Work instructions: Leaving out every picture, copy the lines of the data exactly, from the first through the line containing "Boys Skinny Fit".
--- Supplied data Enclosed Below ---
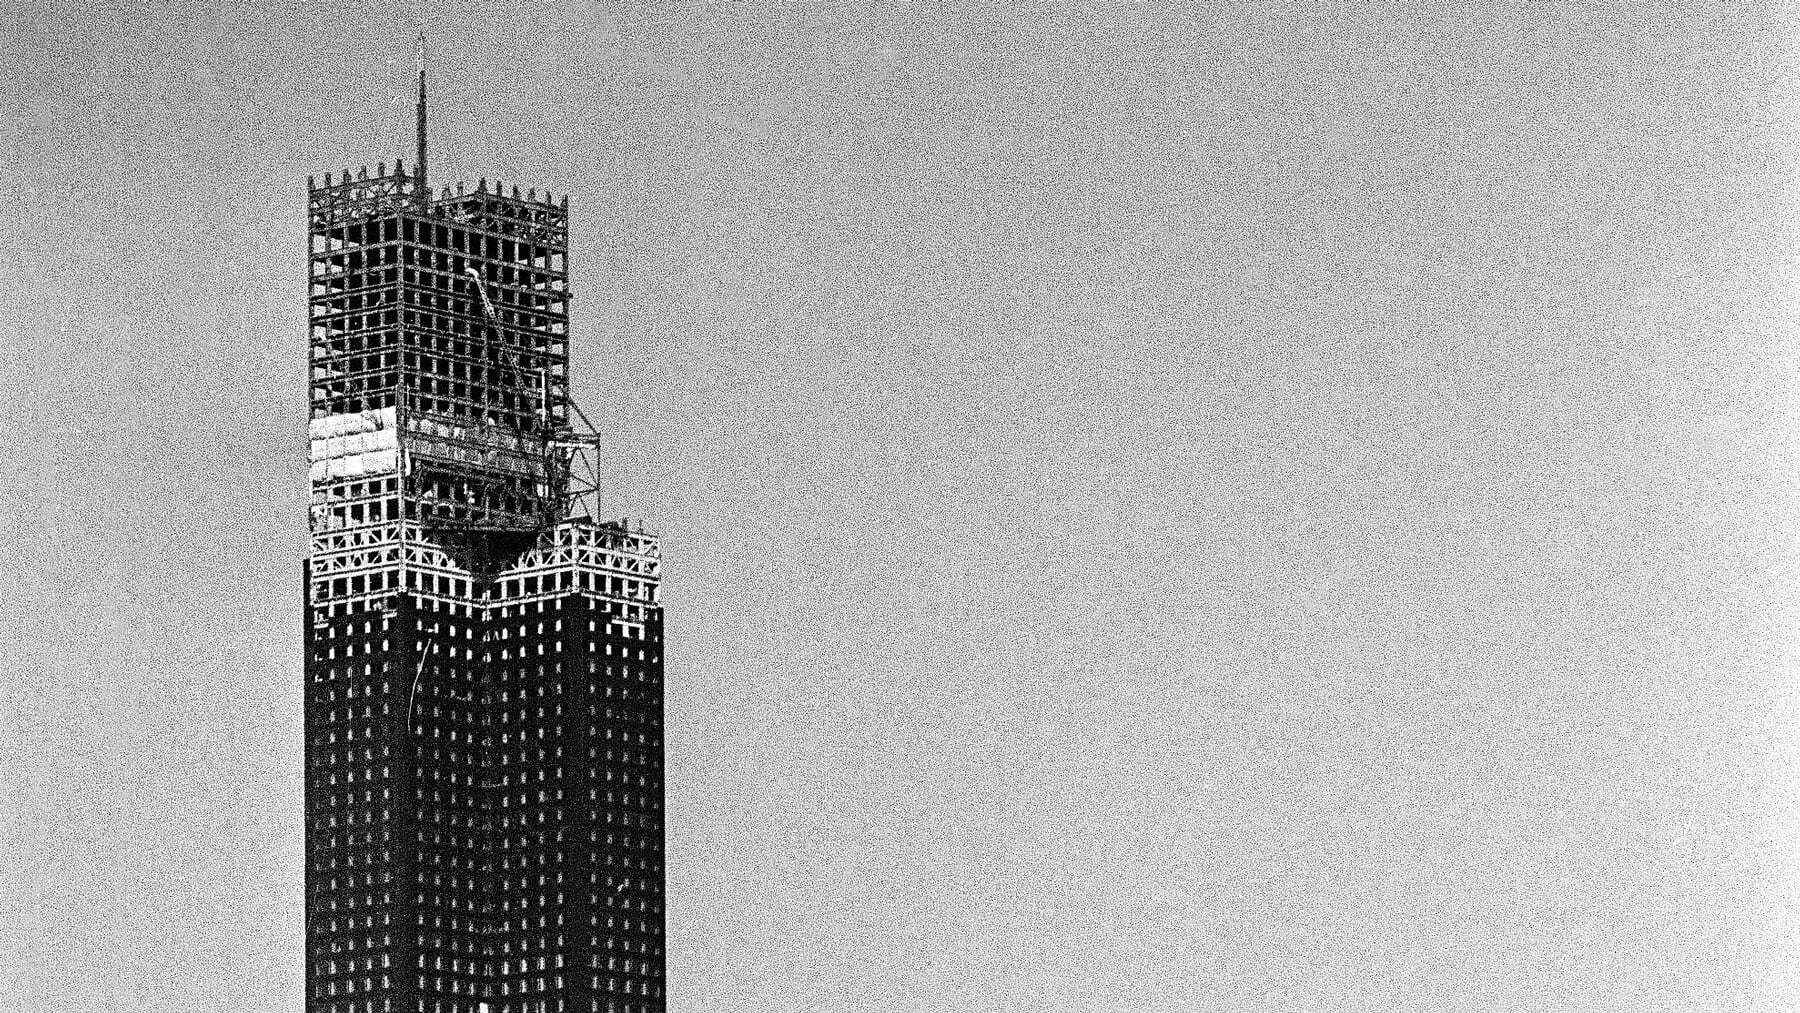 The Sears Tower under construction
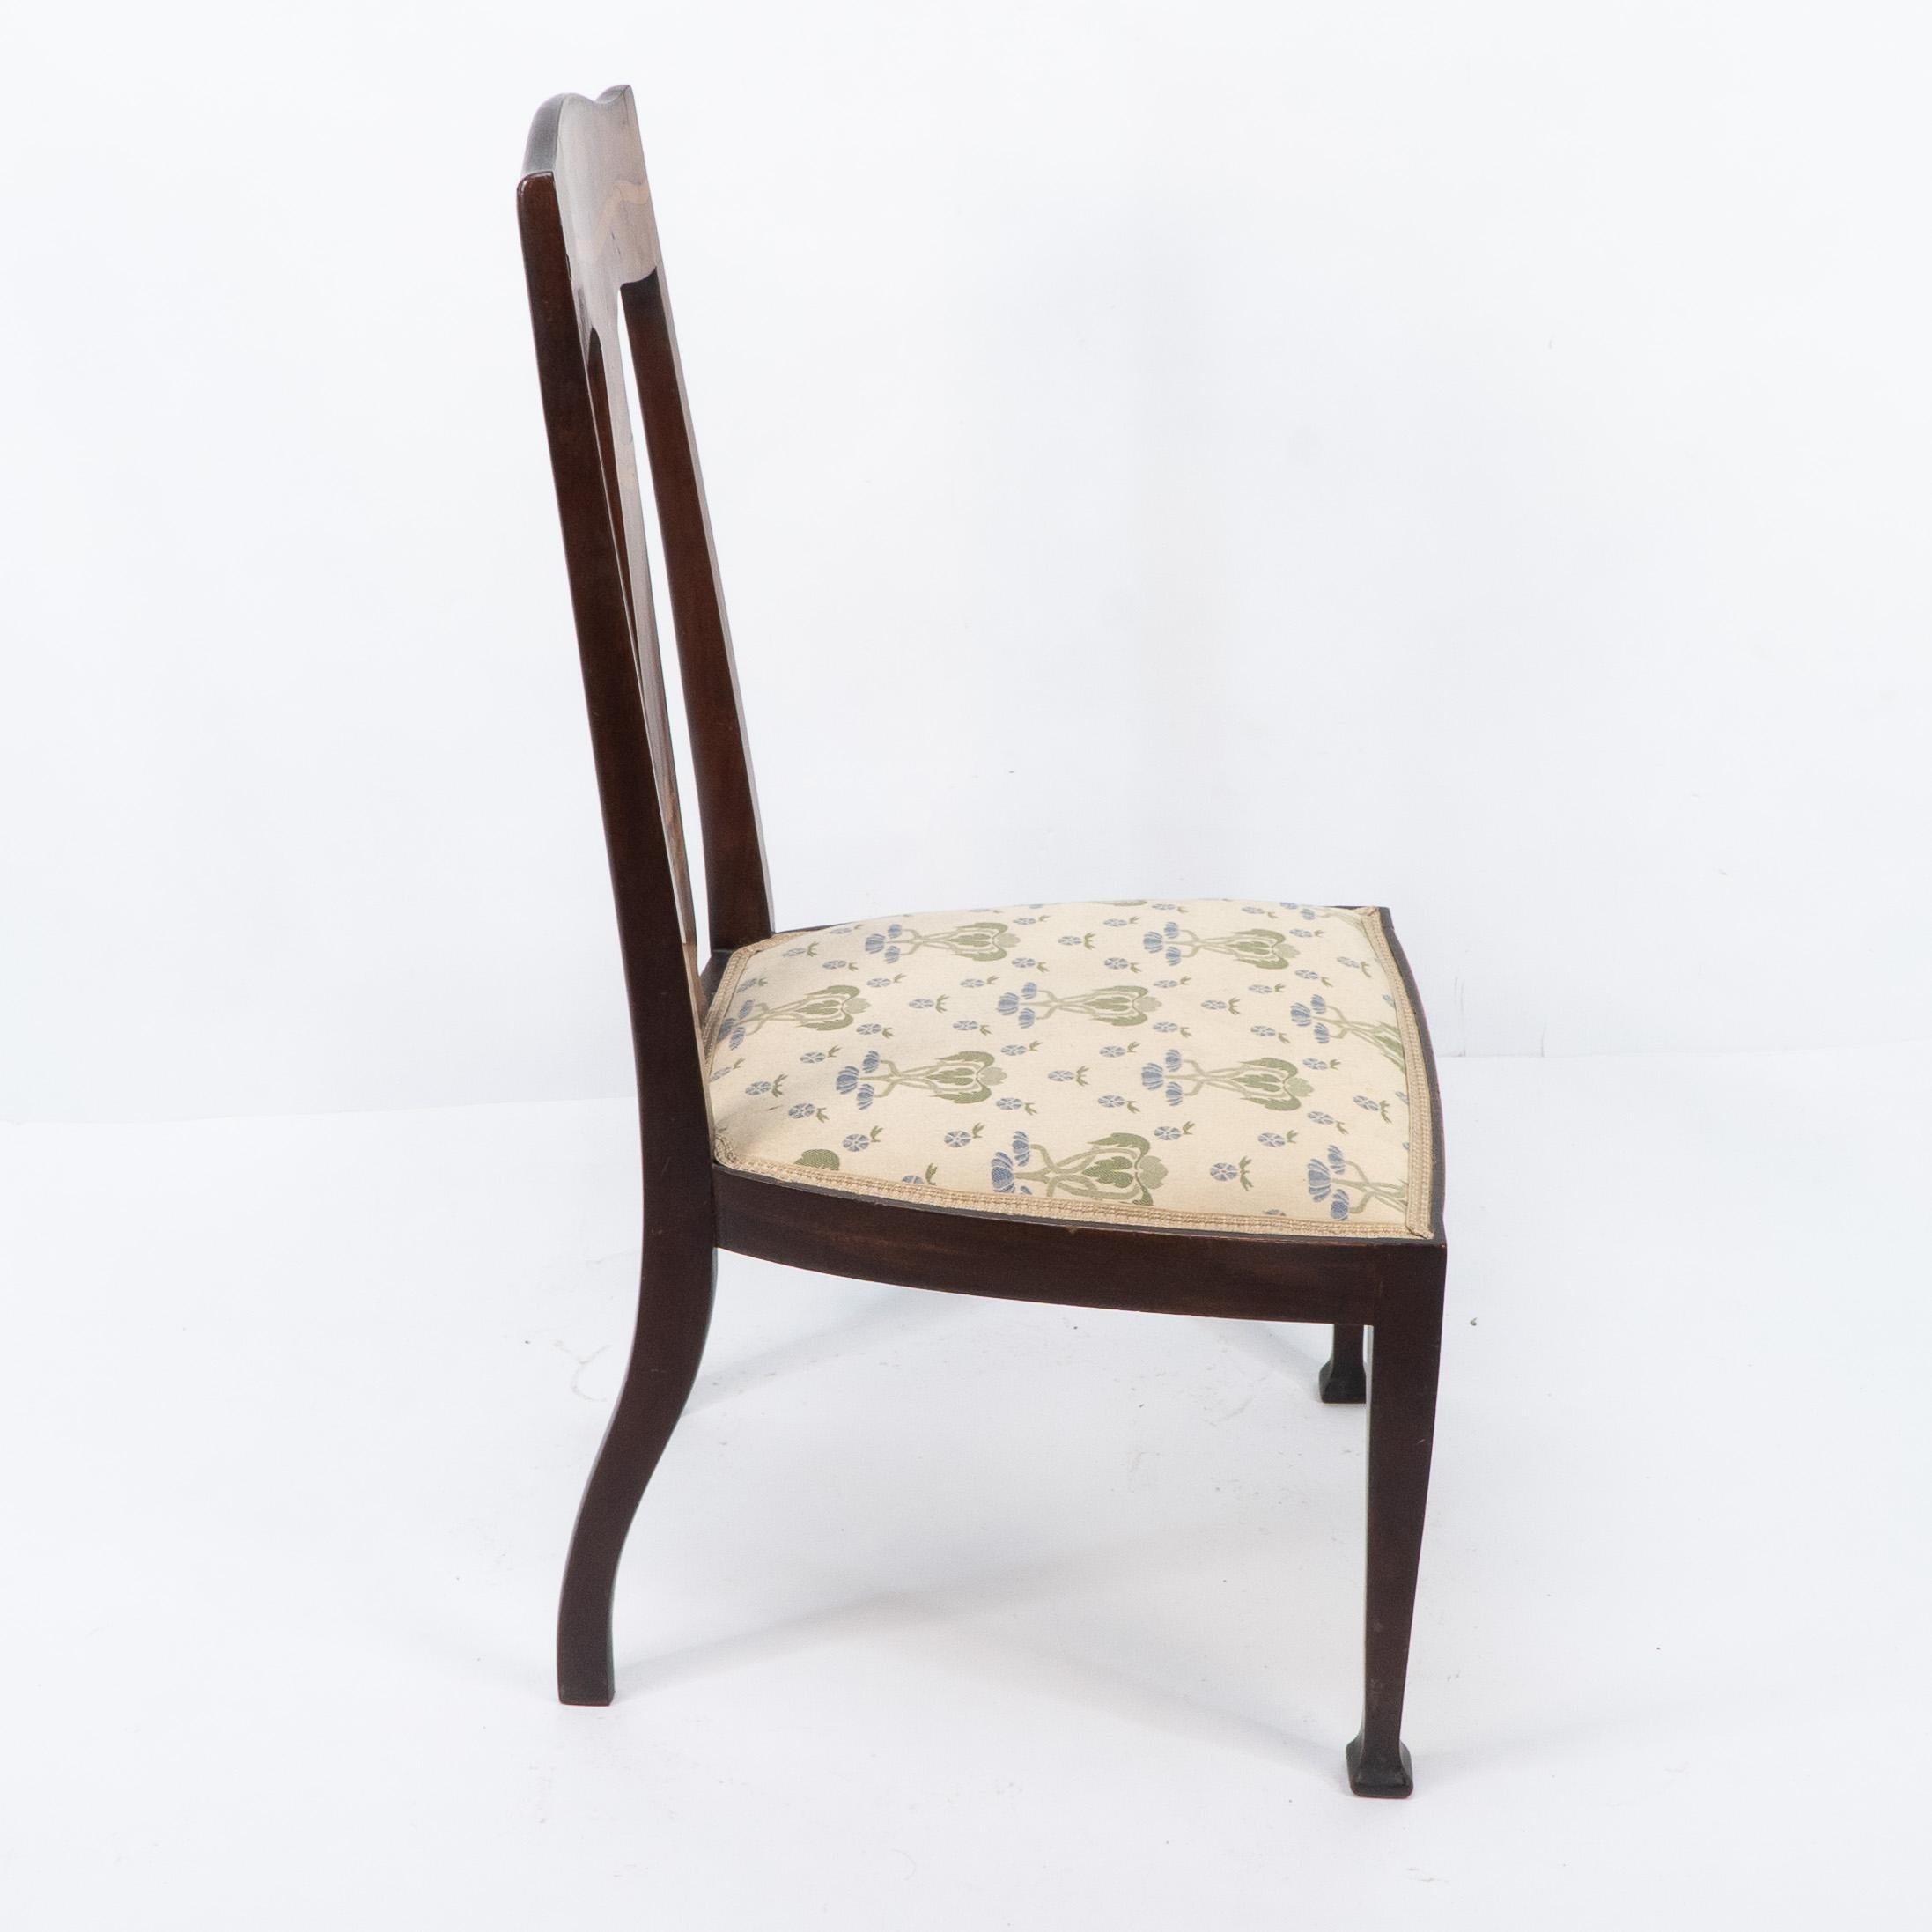 Arts and Crafts Jas Shoolbred. Arts & Crafts Mahogany Rosewood Chair With stylized Floral Inlay For Sale
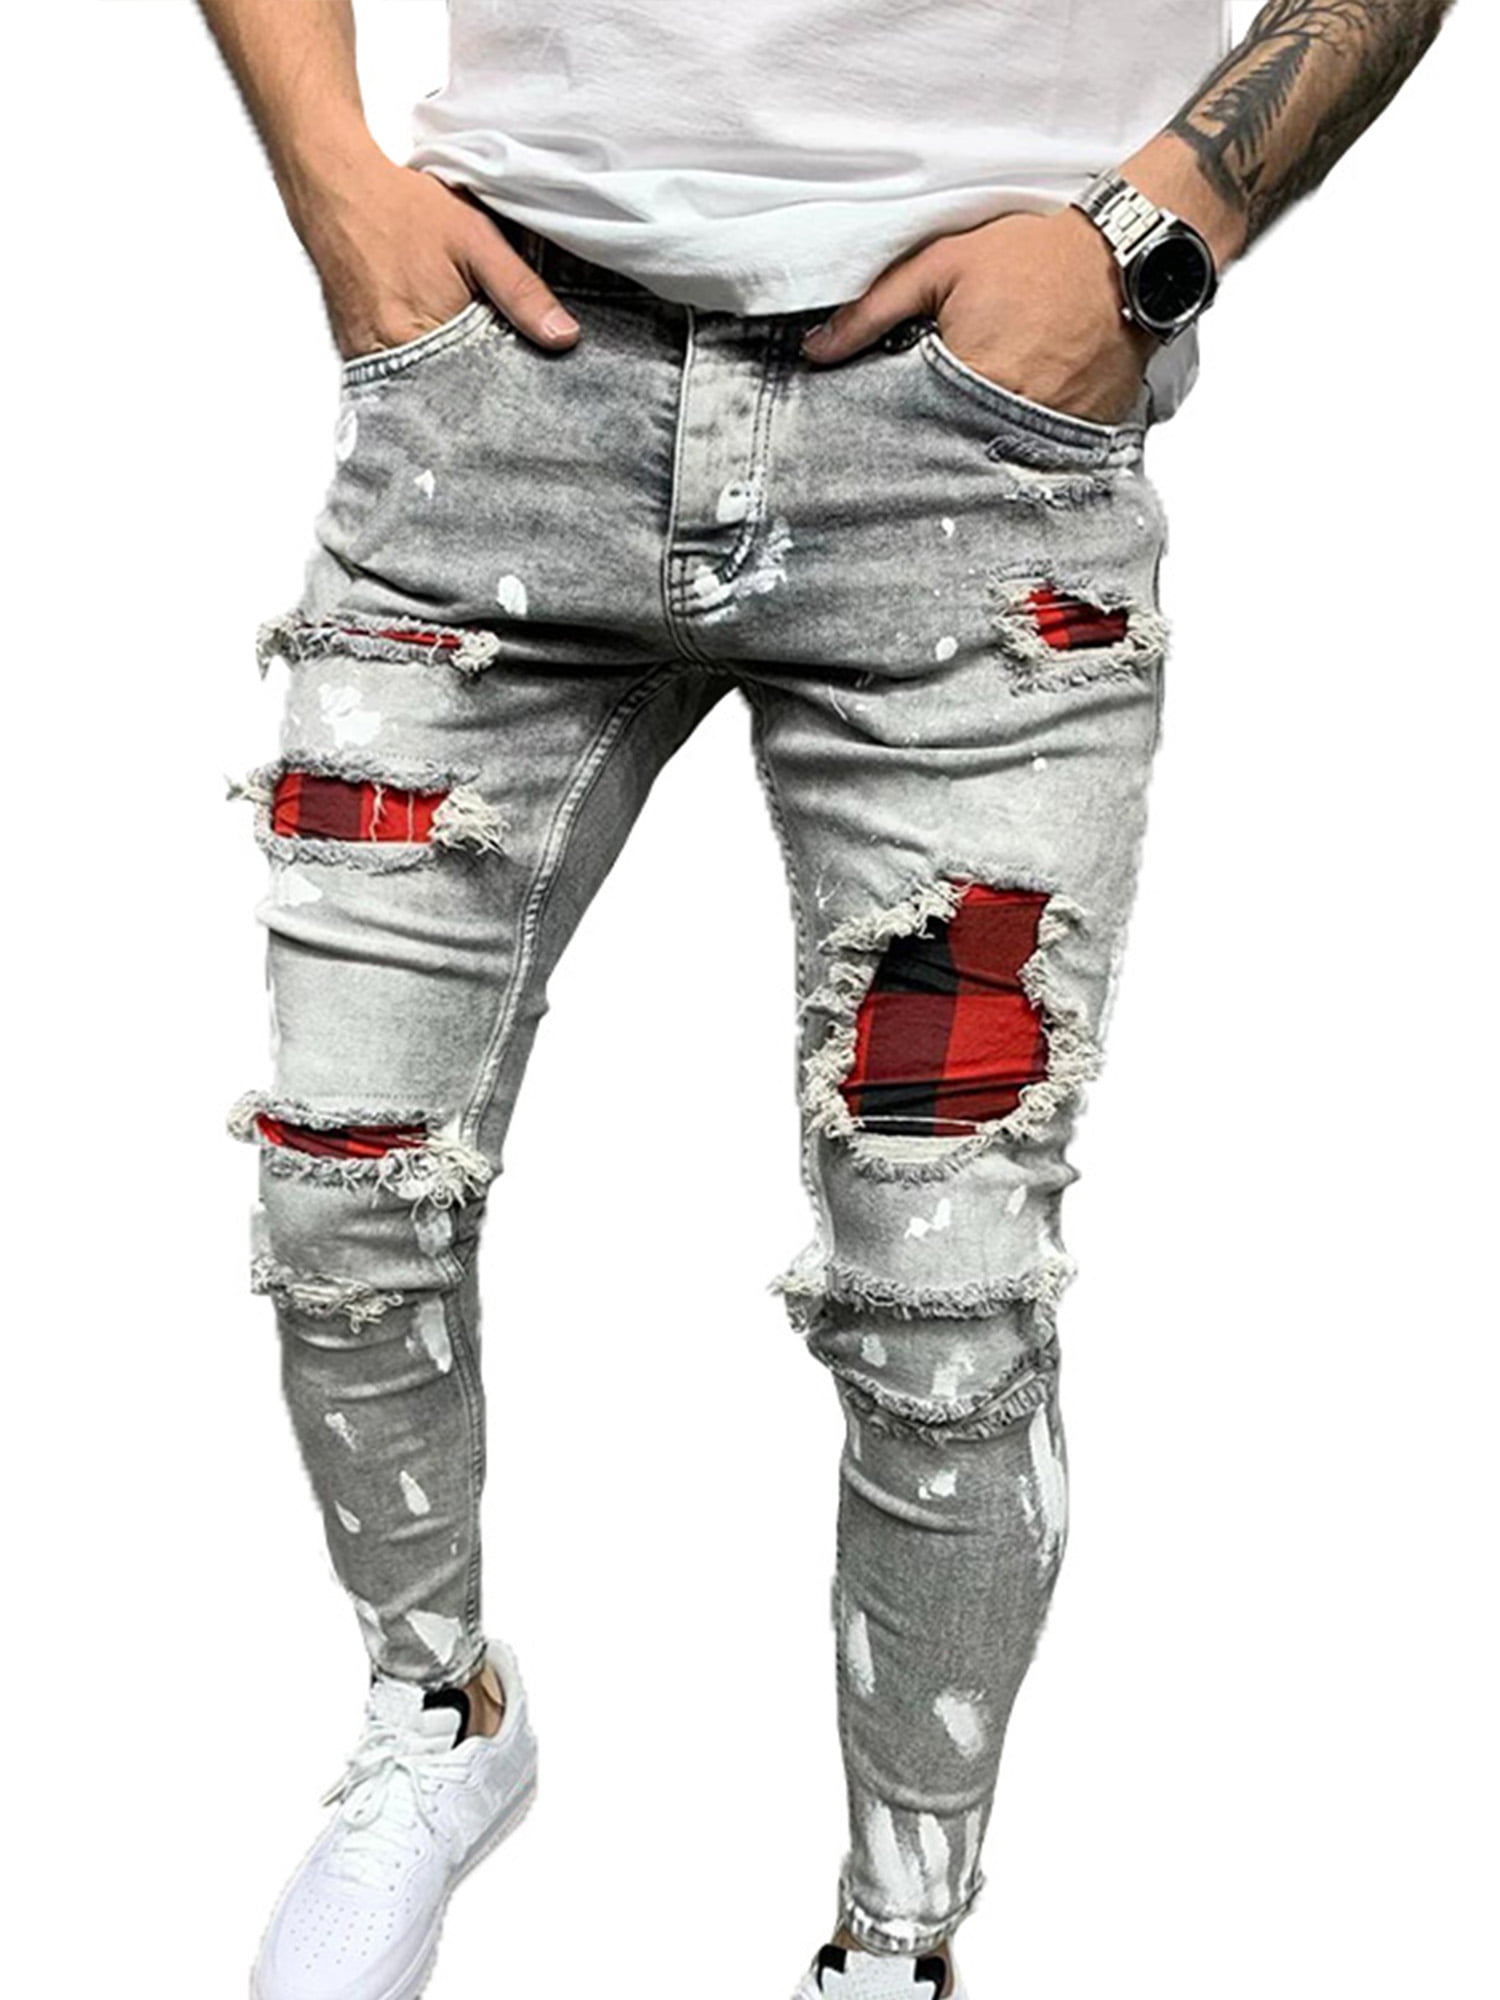 Boys Skinny Fit Ripped Distressed Stretch Washed Fashion Kids Denim Jeans Pants
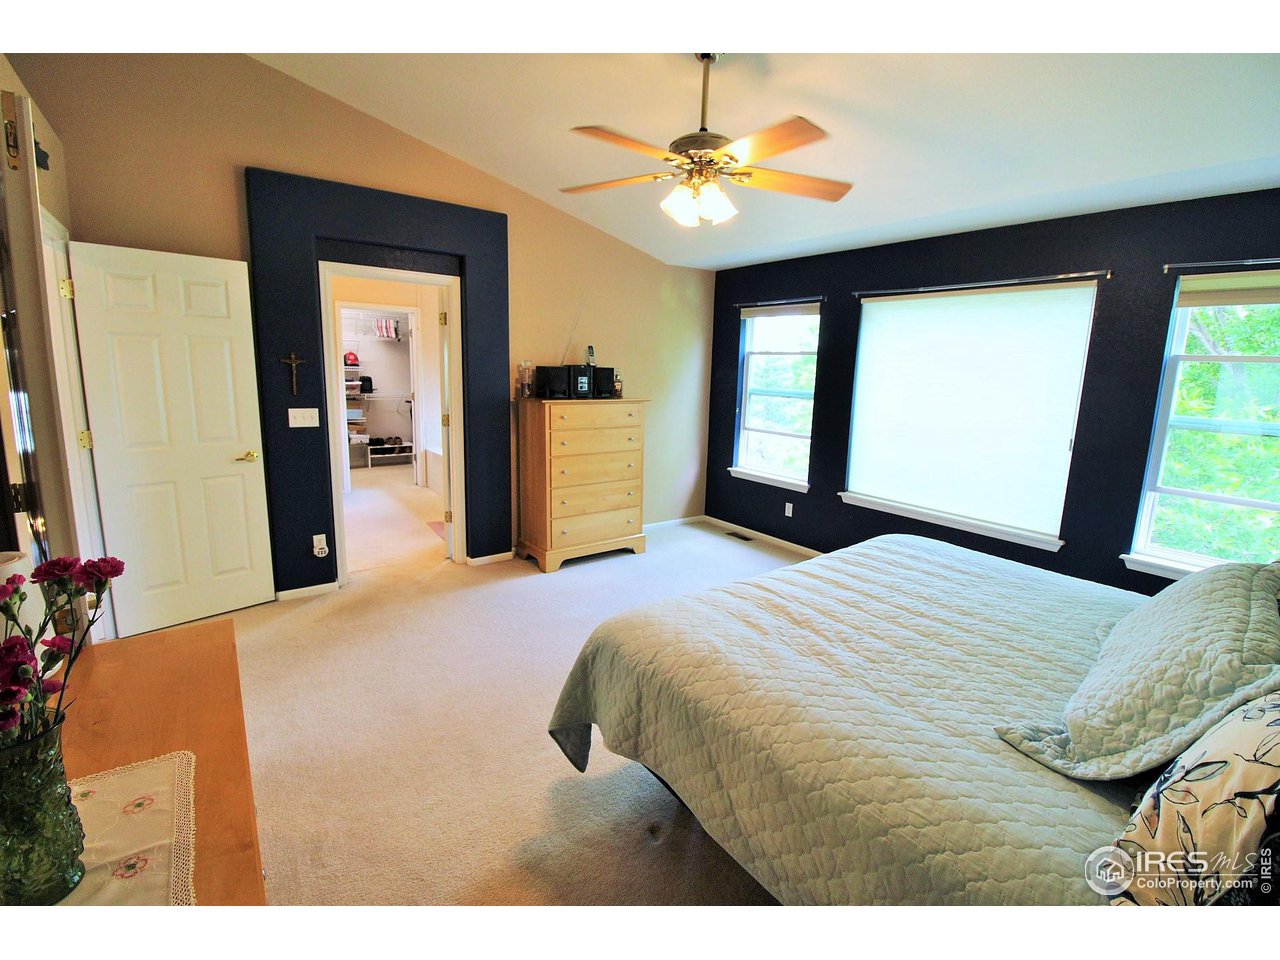 Private master suite is on the back of the house with good separation from the secondary bedrooms.
--- End of Enclosed Supplied data ---
Finished task:
 The Sears Tower under construction
 Arts and Crafts Jas Shoolbred. Arts & Crafts Mahogany Rosewood Chair With stylized Floral Inlay For Sale
 Boys Skinny Fit Ripped Distressed Stretch Washed Fashion Kids Denim Jeans Pants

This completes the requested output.